‘Mami, me duele todo y tengo fiebre… ¿Voy al médico o espero?” Hace un rato, bastaron un par de frases de mi hija mayor del otro lado del teléfono para que se esfumara en un instante mi habitual suficiencia de periodista especializada en temas científicos.
No importó que apenas unos minutos antes hubiera repasado las directivas de la Organización Panamericana de Salud con respecto a la influenza AH1N1.
Tampoco importó que hubiera seguido día a día cada una de las particularidades del nuevo virus que intriga a los científicos, como por ejemplo su insidiosa predilección por los más jóvenes, su notable habilidad infecciosa o su letalidad, hasta ahora moderada si se tiene en cuenta que las complicaciones de la conocida y familiar gripe estacional dejan todos los años una estadística de víctimas poco despreciable.
“Sí, sí, no te dejes estar”, me oí contestar sin el más mínimo vestigio de duda y contrariando toda la teoría que había elaborado sobre el caso.
Ipso facto, mis neuronas maternas se pusieron en estado de alerta, lo que derivó en un seguimiento minuto a minuto -a distancia y conexión telefónica de por medio- de los parámetros vitales de la reciente engripada.

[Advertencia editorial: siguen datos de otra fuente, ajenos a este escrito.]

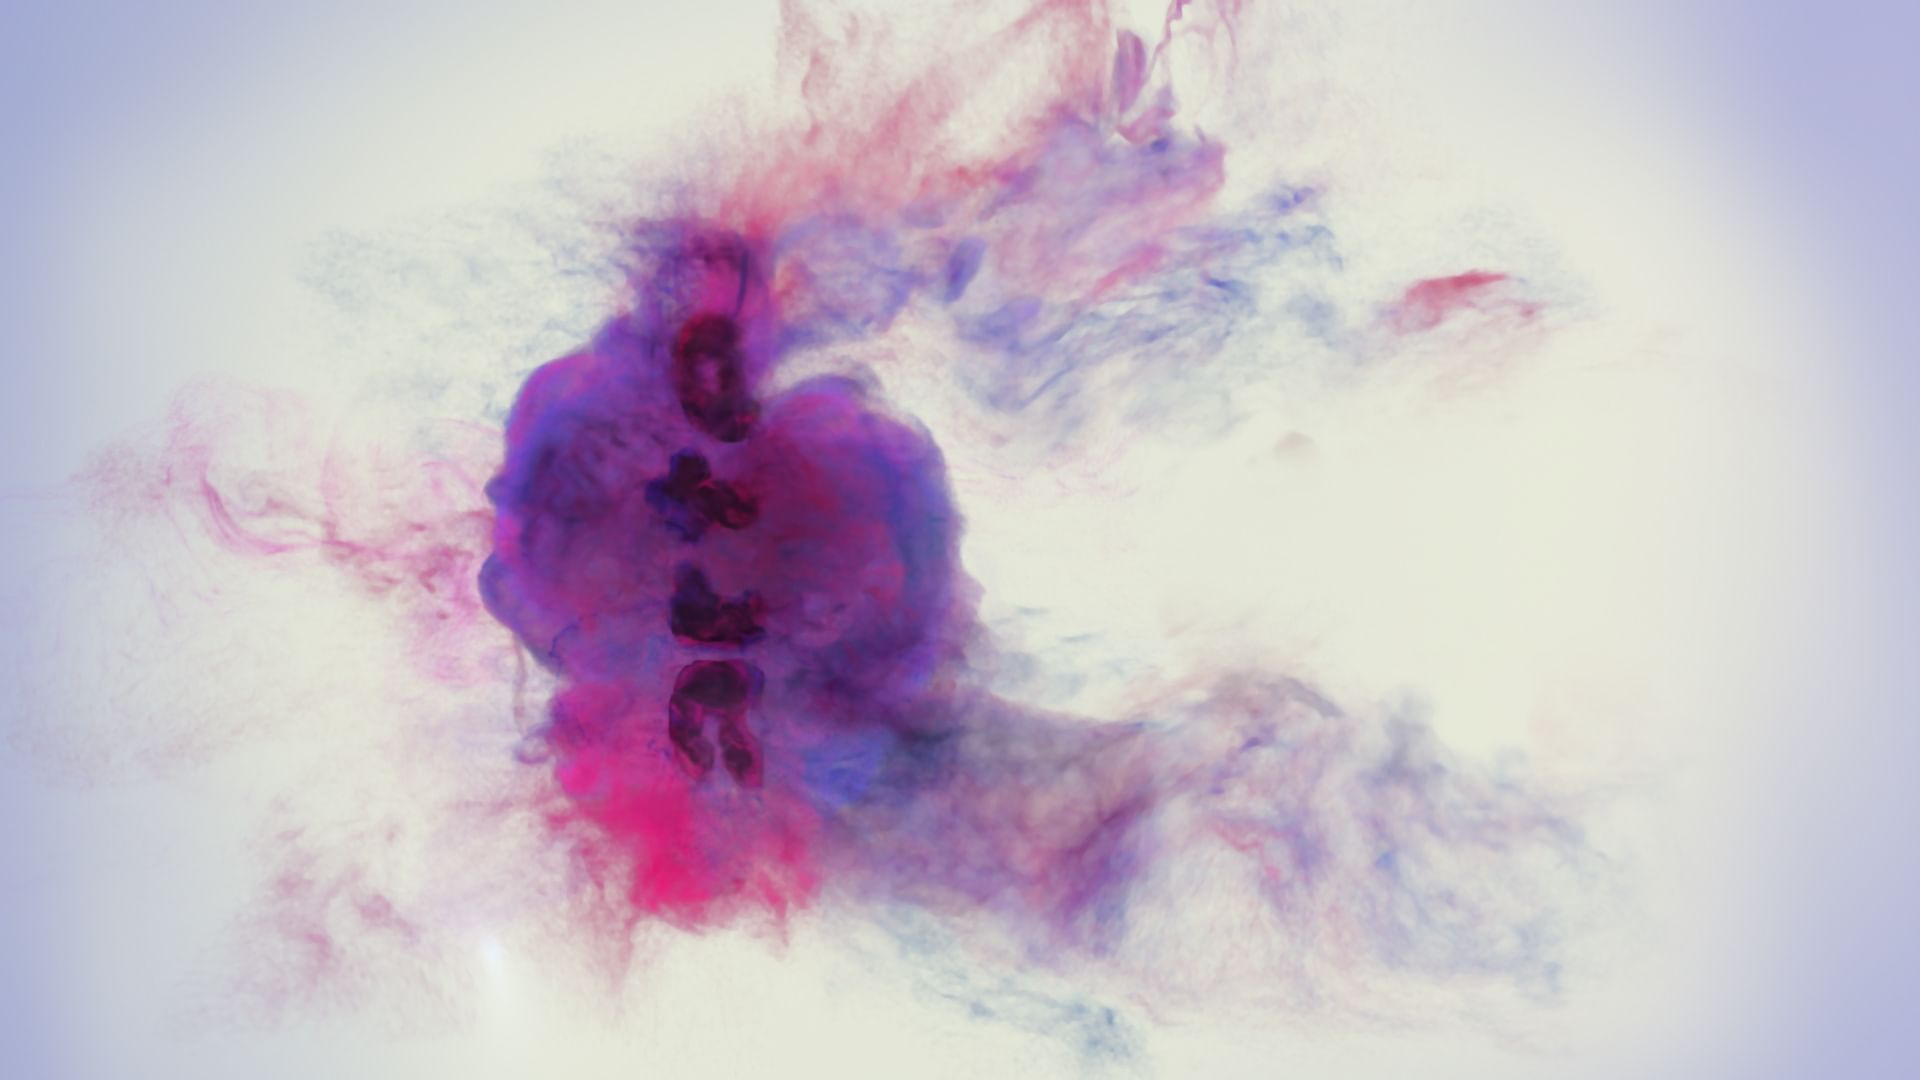 Titanic, l'ultime scénario

Diana Cohen Agrest lo expuso recientemente en un artículo con honda agudeza filosófica: vivimos inmersos en un “mar de los Sargazos” de temores que cualquier mínima señal puede reavivar y llevarnos a creer que nos ocurre lo peor.
Un dolor inesperado en el brazo izquierdo nos lleva a pensar en el infarto; una molestia en la zona hepática nos hace creer que se viene el cáncer de hígado; el repetido olvido de las llaves, en una alteración neurológica, y los que tenemos alguna posibilidad de viajar en avión podemos llegar a desayunar, almorzar y cenar pendientes del ‘pitot’, horrorizados por la posibilidad de que el diminuto equipo que nunca hasta ahora habíamos oído nombrar verdaderamente haya causado el accidente del fatídico vuelo AF447.
Los periodistas solemos estar bien informados, pero esto de nada sirve cuando enferma uno de nuestros seres queridos, y al igual que cualquier hijo de vecino nos desespera la posibilidad de que la desgracia caiga de nuestro lado.
Con la misma escena ‘clonándose’ de a miles, pero en hogares con bebes, chicos y jóvenes, algunos de ellos con salud endeble, ¿qué otra cosa puede esperarse más que guardias hospitalarias atestadas y servicios médicos domiciliarios sobrepasados?
Por eso, más que nunca hay que mantener la calma y no desesperarse. Estar atentos, sin dejarse llevar por la irracionalidad.
Actuar solidariamente como seres humanos. En esto no hay fronteras ni nacionalidades que valgan.